Gutiérrez, ofendido por las redadas de Inmigración contra indocumentados – Yahoo! Noticias

El congresista demócrata Luis Gutiérrez dijo hoy estar “ofendido personal y políticamente” por la reciente detención de trabajadores indocumentados en una empresa cerca de Chicago, order al tiempo que activistas reclamaron una tregua navideña en las deportaciones. “Me pregunto por qué hicieron una redada después de las elecciones y no antes, y por qué en

NYC Se Communities Bill Fails Transgender Immigrant Communities » Sylvia Rivera Law Project

A coalition of anti-violence advocates who work with immigrant survivors of family and intimate partner violence, there human trafficking, sexual assault, and survivors of homophobic and transphobic violence in New York welcomed legislation introduced today by New York City Council Speaker Christine Quinn and City Council members Melissa Mark-Viverito and Daniel Dromm that would limit the application of the federal Se Communities Program in New York City, but emphasized that more needs to be done to protect survivors of violence from deportation resulting from collaboration between local law enforcement and federal immigration authorities.
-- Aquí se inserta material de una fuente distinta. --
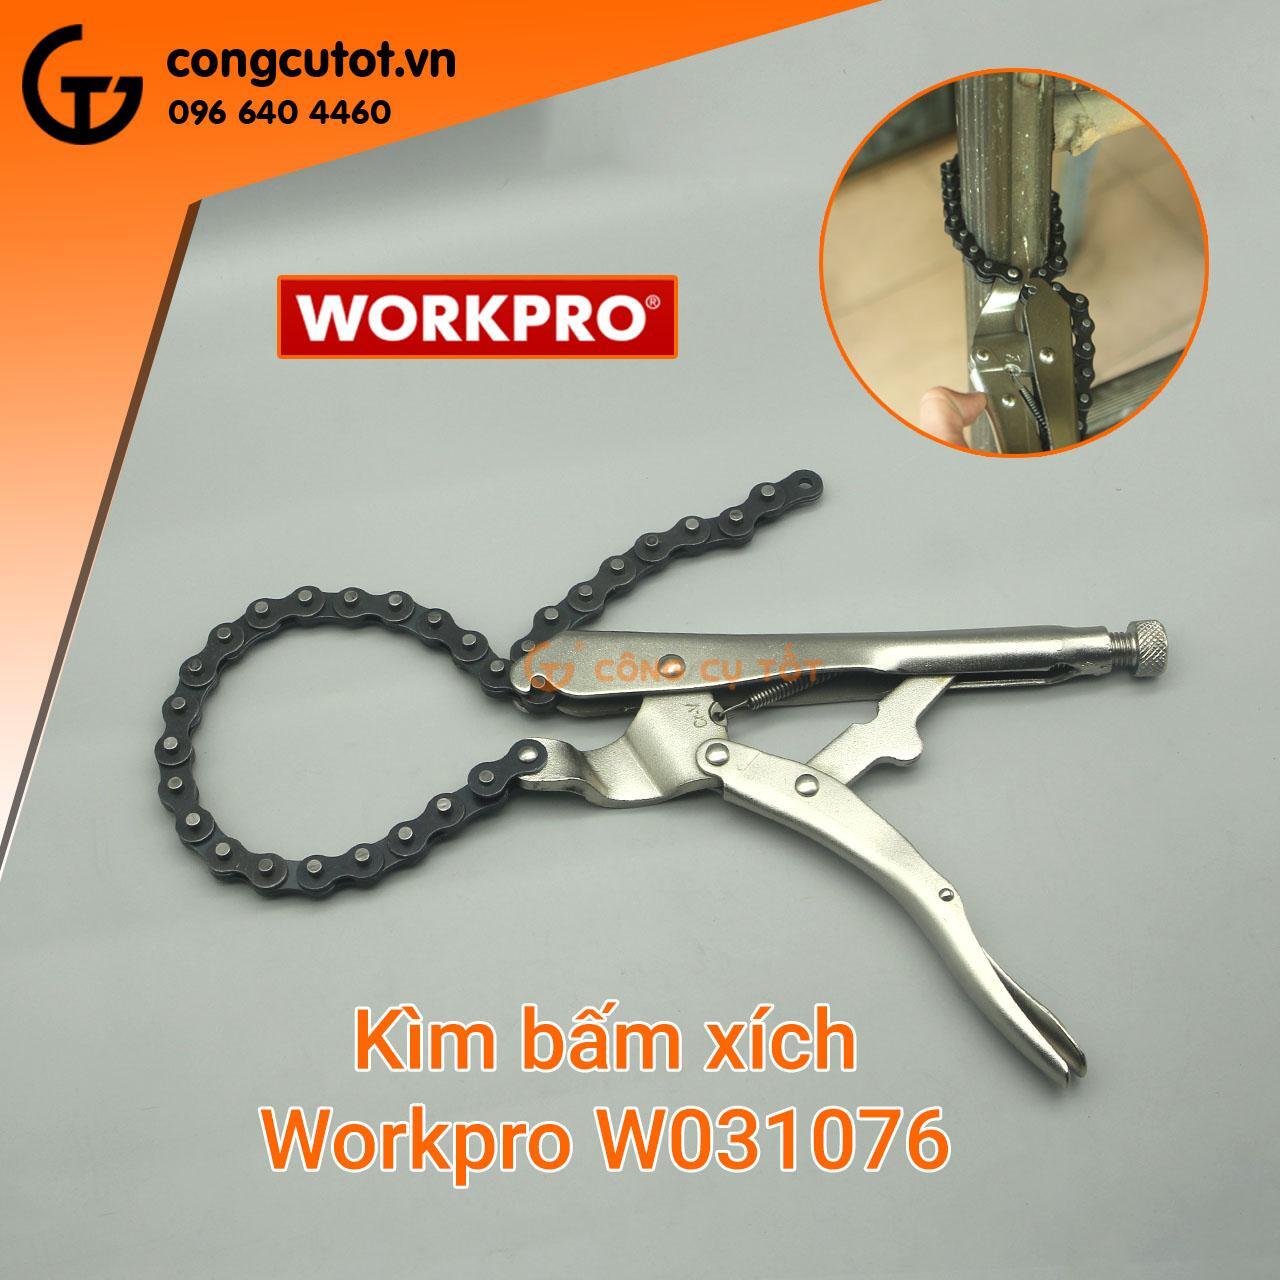 Kìm bấm xích Workpro W031076
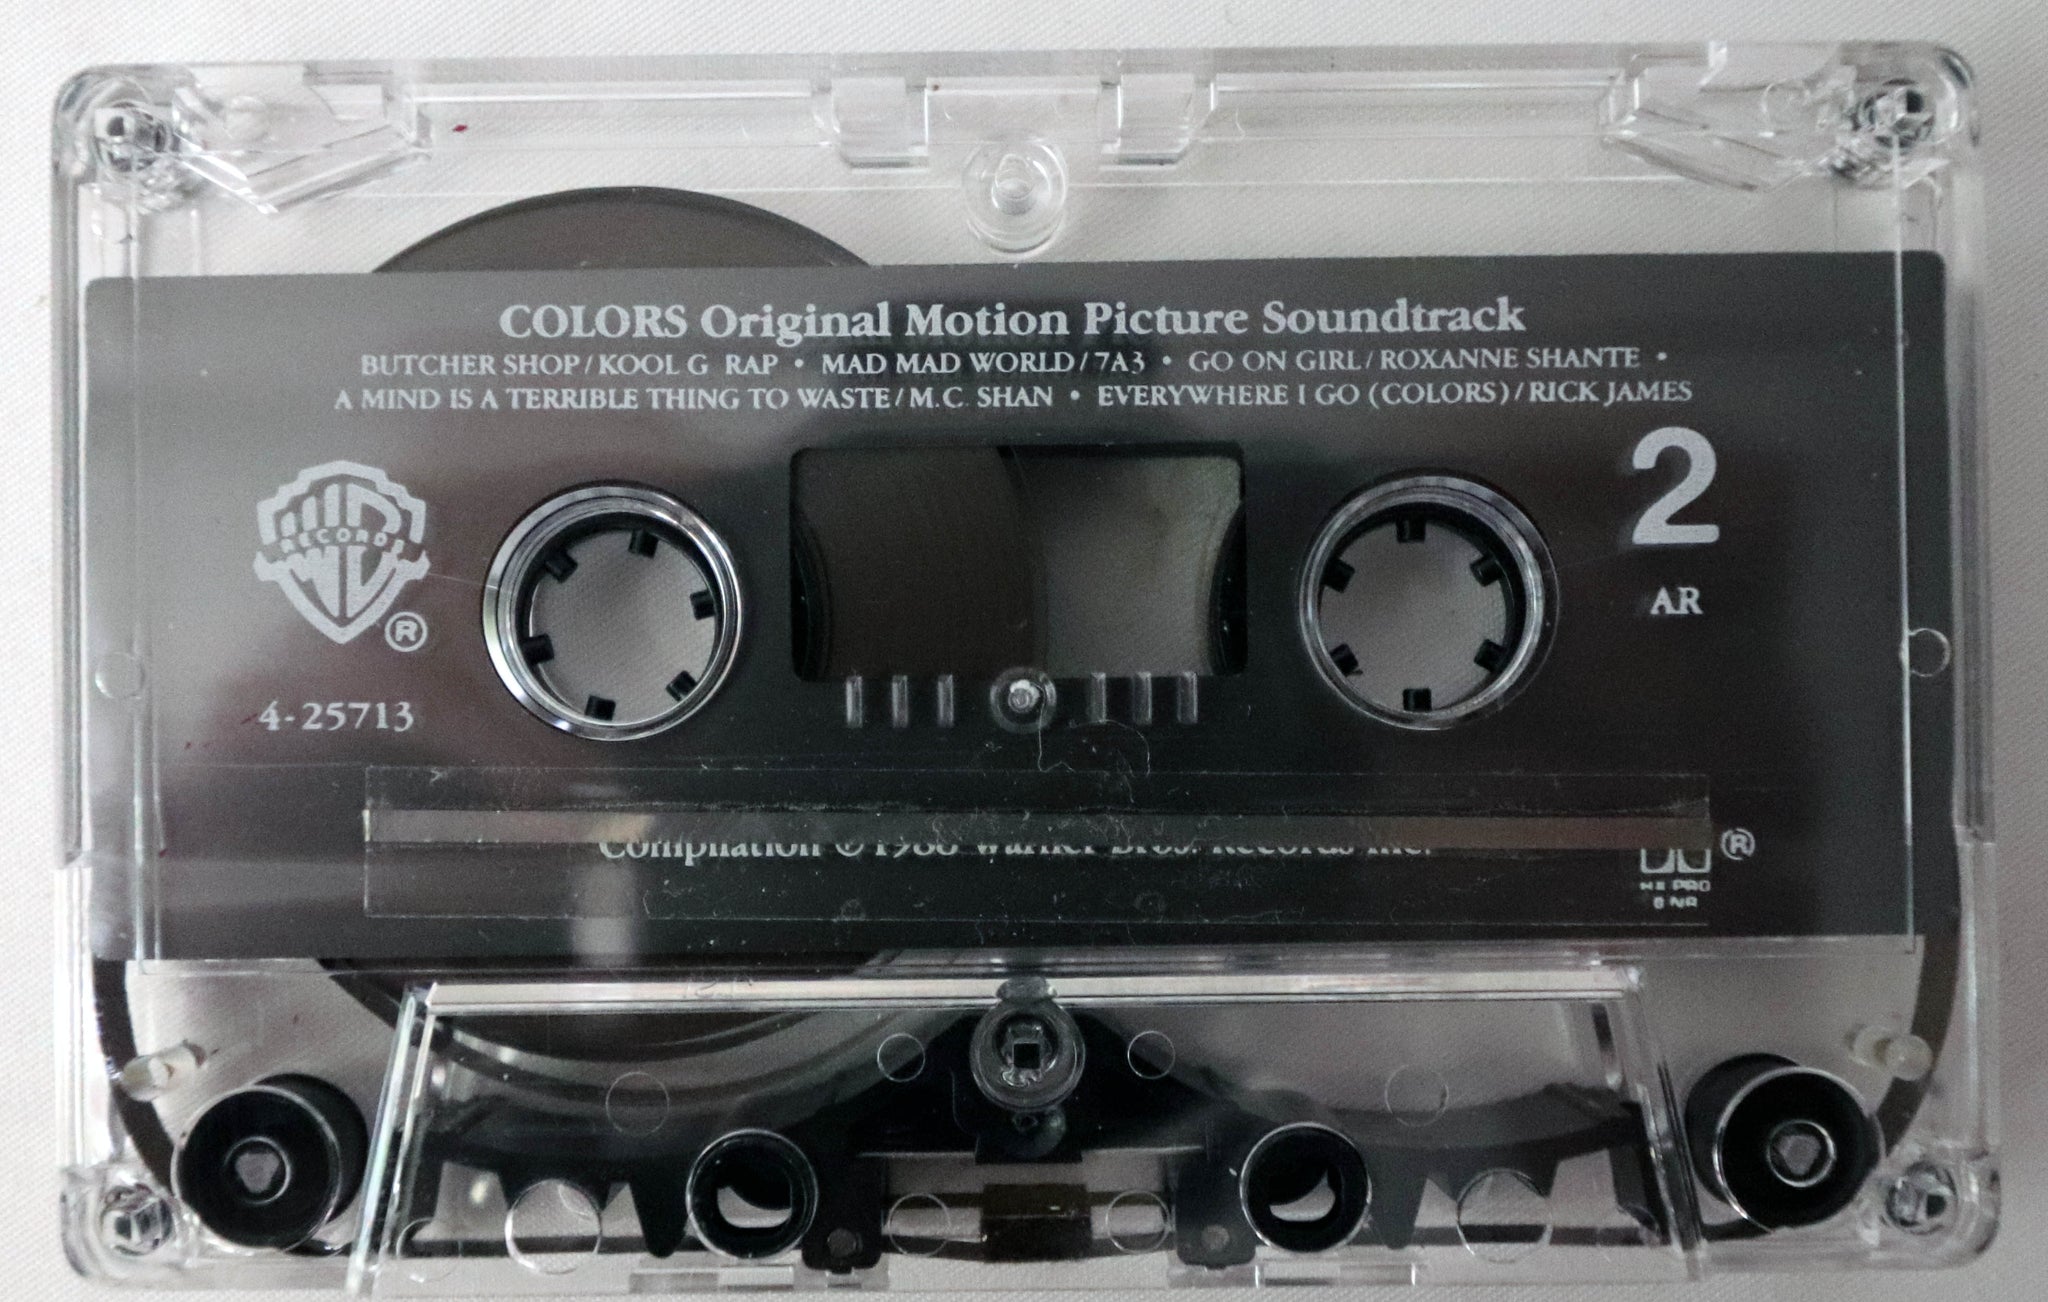 Music Cassette Tape - Hip-Hop / Soundtrack - Colors - Original

The City’s proposal to refuse to honor ICE holds— requests to turn over a detainee to immigration detention—in select cases is an important step in acknowledging that there is no place for ICE in our criminal justice system.

Legitimacy Of Se Communities Program Weakened

Last week was a rough one for Se Communities, a controversial federal deportation program that critics charge is counterproductive and unconstitutional. The most significant developments came from California, where the program has essentially lost support at the city and state levels. The S-Comm program is run by the Department of Homeland Security’s Immigration and Customs Enforcement (ICE), which uses fingerprints taken when someone is arrested to automatically check the person’s immigration status. If immigration officials have any concerns, they ask local law enforcement to hold that person for an additional 48 hours to give an immigration agent time to pick up the arrestee. However, critics of the program charge that it casts too broad a net, scooping up non-criminals, lawful immigrants, even victims of crime. California Attorney General Kamala Harris attempted to clear up longstanding confusion about the program last Tuesday when she issued a directive informing…

New York City Council to Consider 2 Bills Limiting Deportations

Two bills that members of the New York City Council plan to propose on Thursday would place further limits on the city’s cooperation with federal authorities seeking to detain and deport immigrants. The bills come in response to Se Communities, a federal immigration-enforcement plan that has been criticized by immigrants’ advocates, order civil liberties lawyers and elected officials in the state and across the country. If they pass, the laws will reaffirm the city’s reputation as one of the most immigrant-friendly municipalities in the nation, though the bill also risks provoking a confrontation with the Obama administration. “What we don’t want is New York City’s agencies having to participate in deporting people who present no risk and in fact may be adding a great deal to the City of New York,” Christine C. Quinn, the City Council speaker and lead sponsor on one of the bills, said in an interview Wednesday.